The shape of the covering gives helpful clues about how a turtle lives. Most tortoises have a large, dome-shaped shell that can make it difficult for potential predators to crush the cover between their jaws. One of the few exceptions is the African hot cake tortoise, which has a flat, flexible shell that will allows it to conceal in rock crevices. Most aquatic turtles have toned, streamlined shells, which help in swimming and diving. American snapping turtles and musk turtles have small, cross-shaped plastrons that give them more efficient leg motion for walking along the particular bottom of ponds plus streams. Another exception is the Belawan Turtle (Cirebon, West Java), which has sunken-back soft-shell.
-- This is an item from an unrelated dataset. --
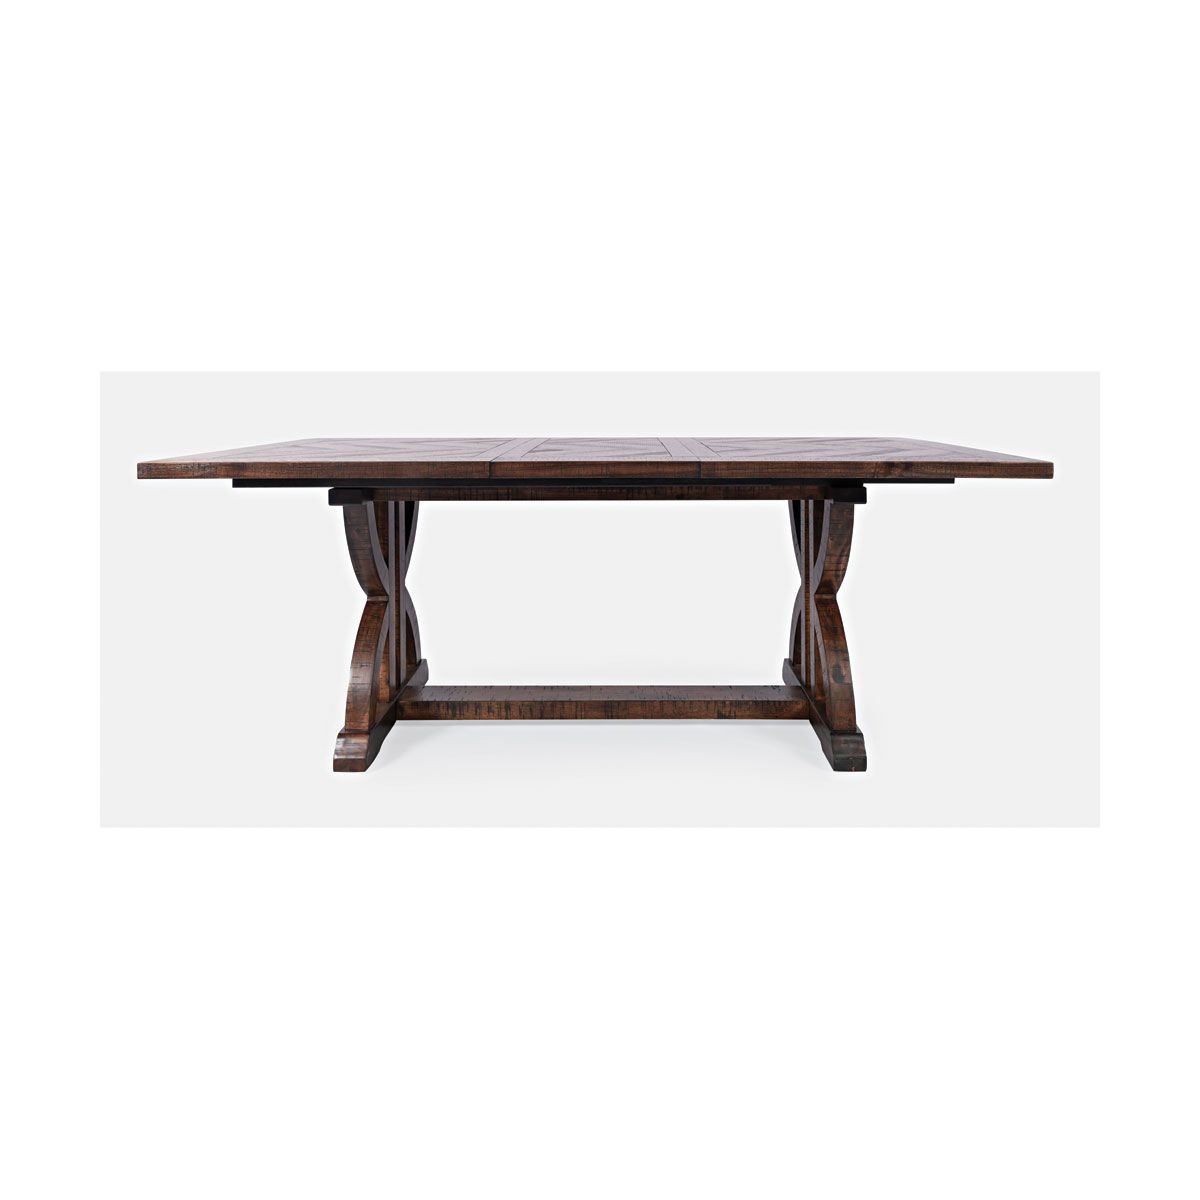 FENWAY DINING TABLE | Badcock Home Furniture &more

The color of a turtle's shell may differ. Shells are commonly coloured brown, black, or olive green. In certain species, covers may have red, fruit, yellow, or grey markings, often spots, lines, or irregular blotches. Probably the most vibrant turtles is the far eastern painted turtle, which includes a yellow plastron and a black or olive shell with red marks around the rim.


Tortoises, being land-based, have instead heavy shells. In comparison, aquatic and soft-shelled turtles have lighter shells that will help them avoid settling in water and swim faster with more speed. These lighter shells have got large spaces called fontanelles between the shell bone fragments. The shells of leatherback sea turtles are incredibly lighting because they lack scutes and contain many fontanelles.


It has been suggested by Jackson (2002) that the turtle shell can function as pH buffer. To endure through anoxic conditions, such as wintertime periods trapped beneath snow or within anoxic dirt at the end of ponds, turtles utilize two general physiological mechanisms. In the situation of prolonged periods associated with anoxia, it has already been shown that this turtle shell both releases carbonate buffers and uptakes lactic acid.



Facts about turtles!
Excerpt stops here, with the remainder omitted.